Task requirements: Everything in the listing except the pictures should be written out exactly.

Given material:
# # # # #
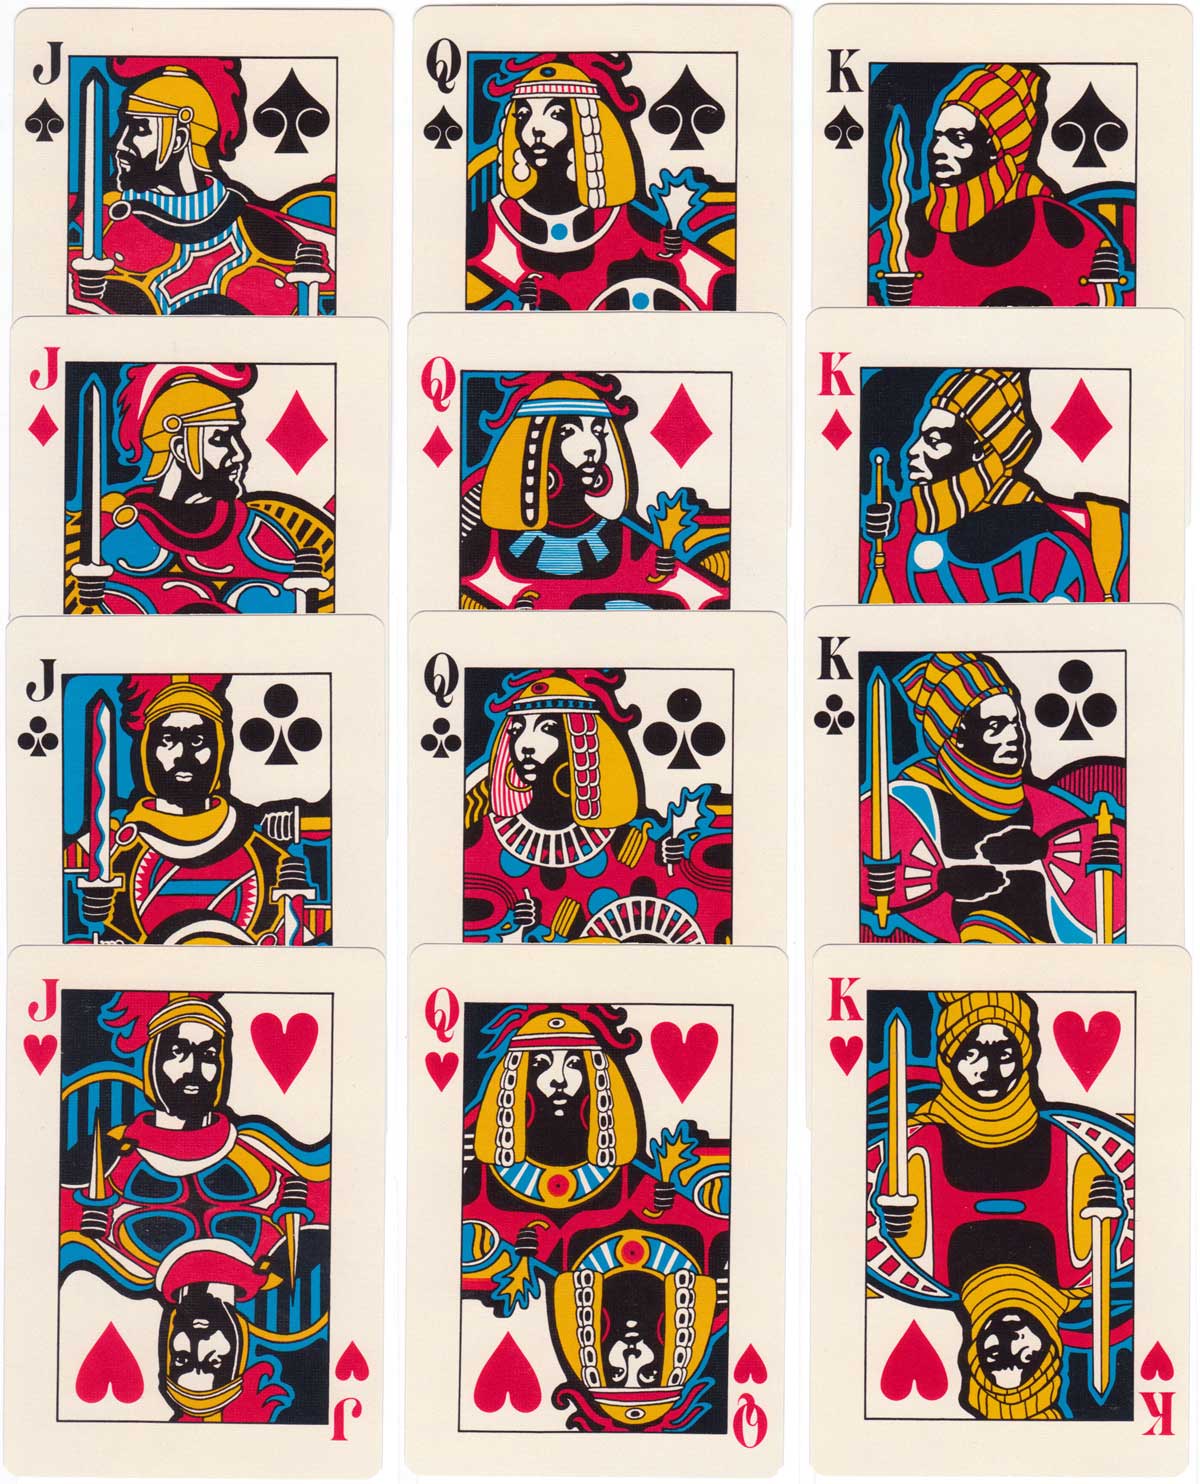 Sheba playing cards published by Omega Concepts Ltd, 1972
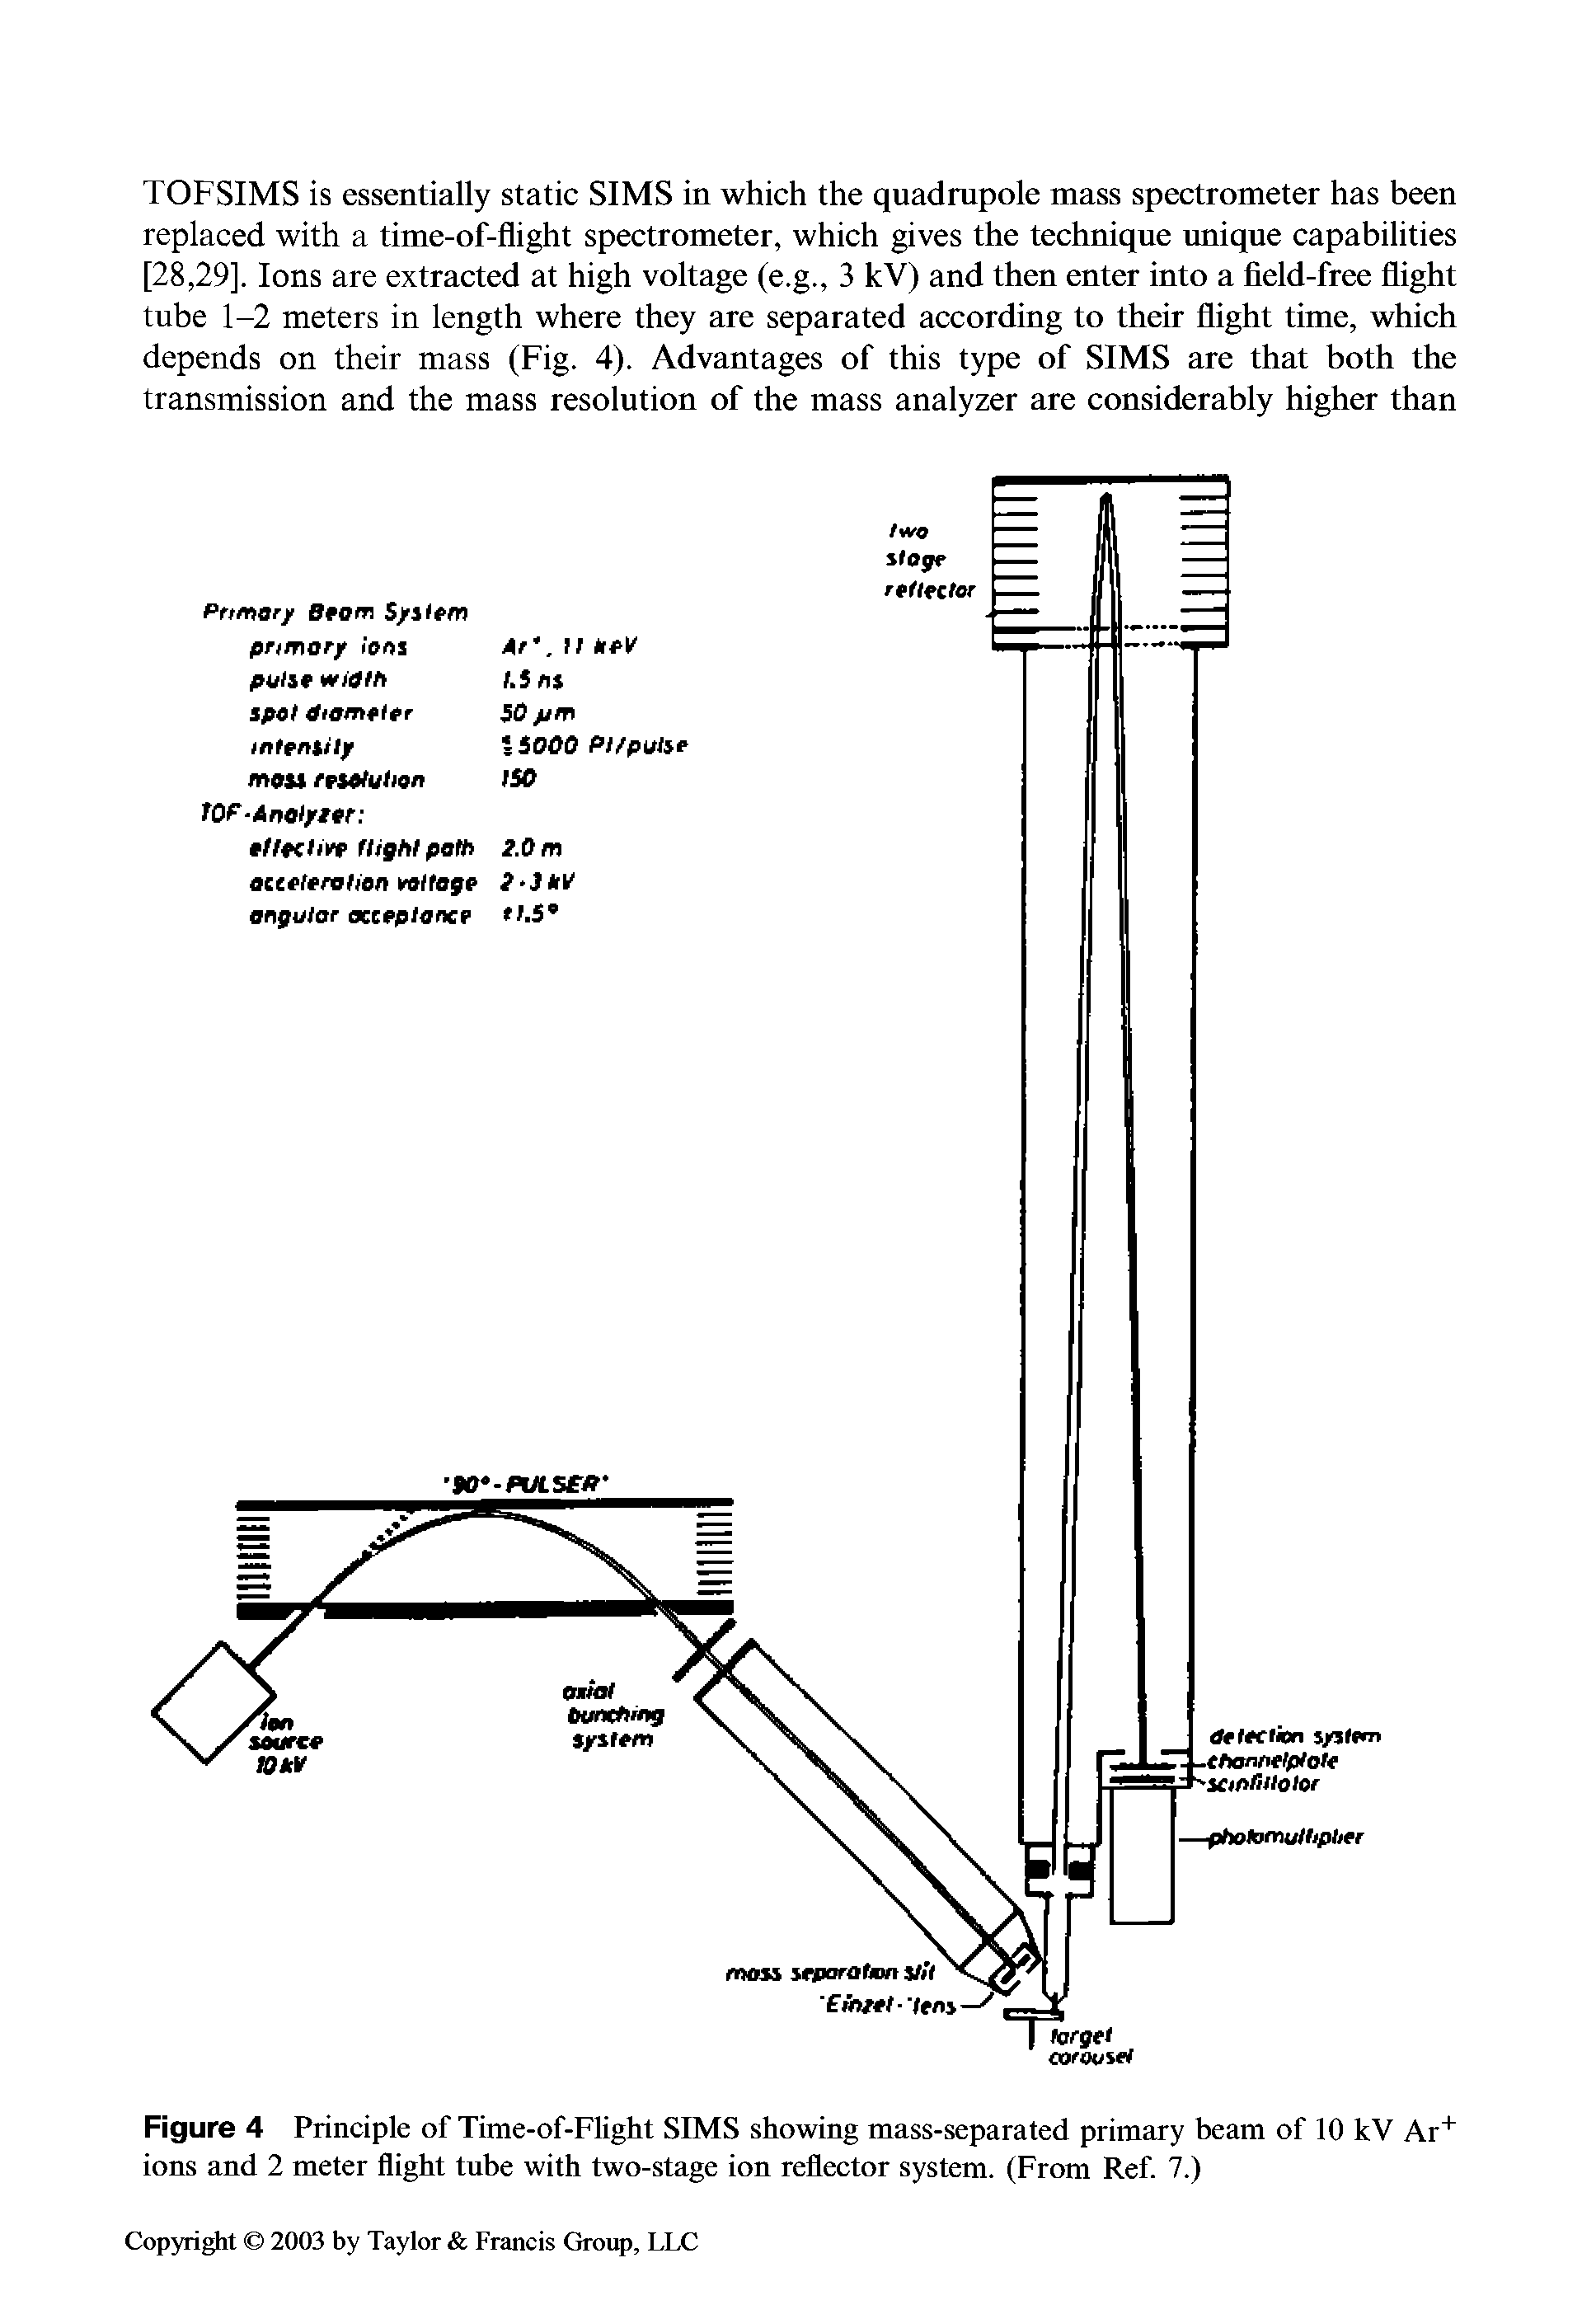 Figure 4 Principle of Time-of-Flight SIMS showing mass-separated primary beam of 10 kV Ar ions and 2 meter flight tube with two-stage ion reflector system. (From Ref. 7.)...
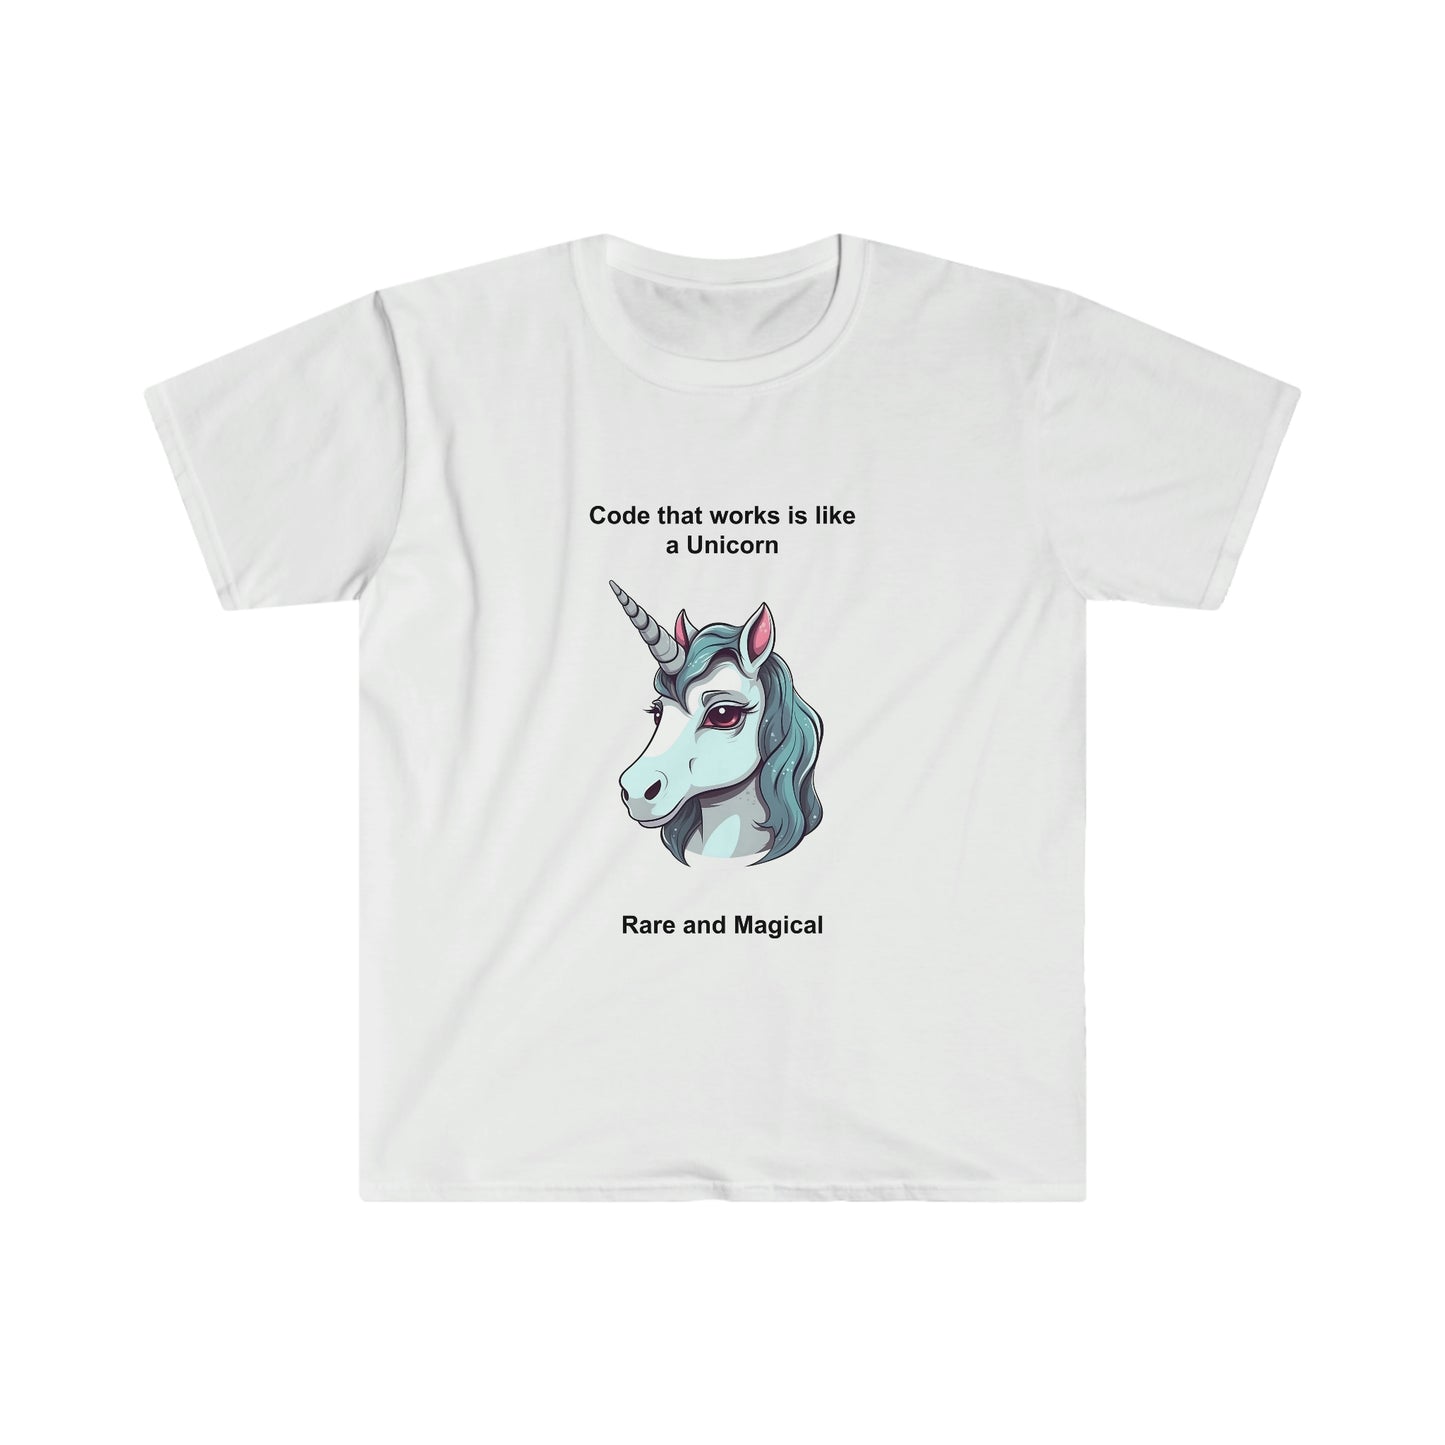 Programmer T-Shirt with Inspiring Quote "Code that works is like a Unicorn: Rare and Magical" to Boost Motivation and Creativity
# # # # #
Output below:
 Sheba playing cards published by Omega Concepts Ltd, 1972
 Figure 4 Principle of Time-of-Flight SIMS showing mass-separated primary beam of 10 kV Ar ions and 2 meter flight tube with two-stage ion reflector system. (From Ref. 7.)...
 Programmer T-Shirt with Inspiring Quote "Code that works is like a Unicorn: Rare and Magical" to Boost Motivation and Creativity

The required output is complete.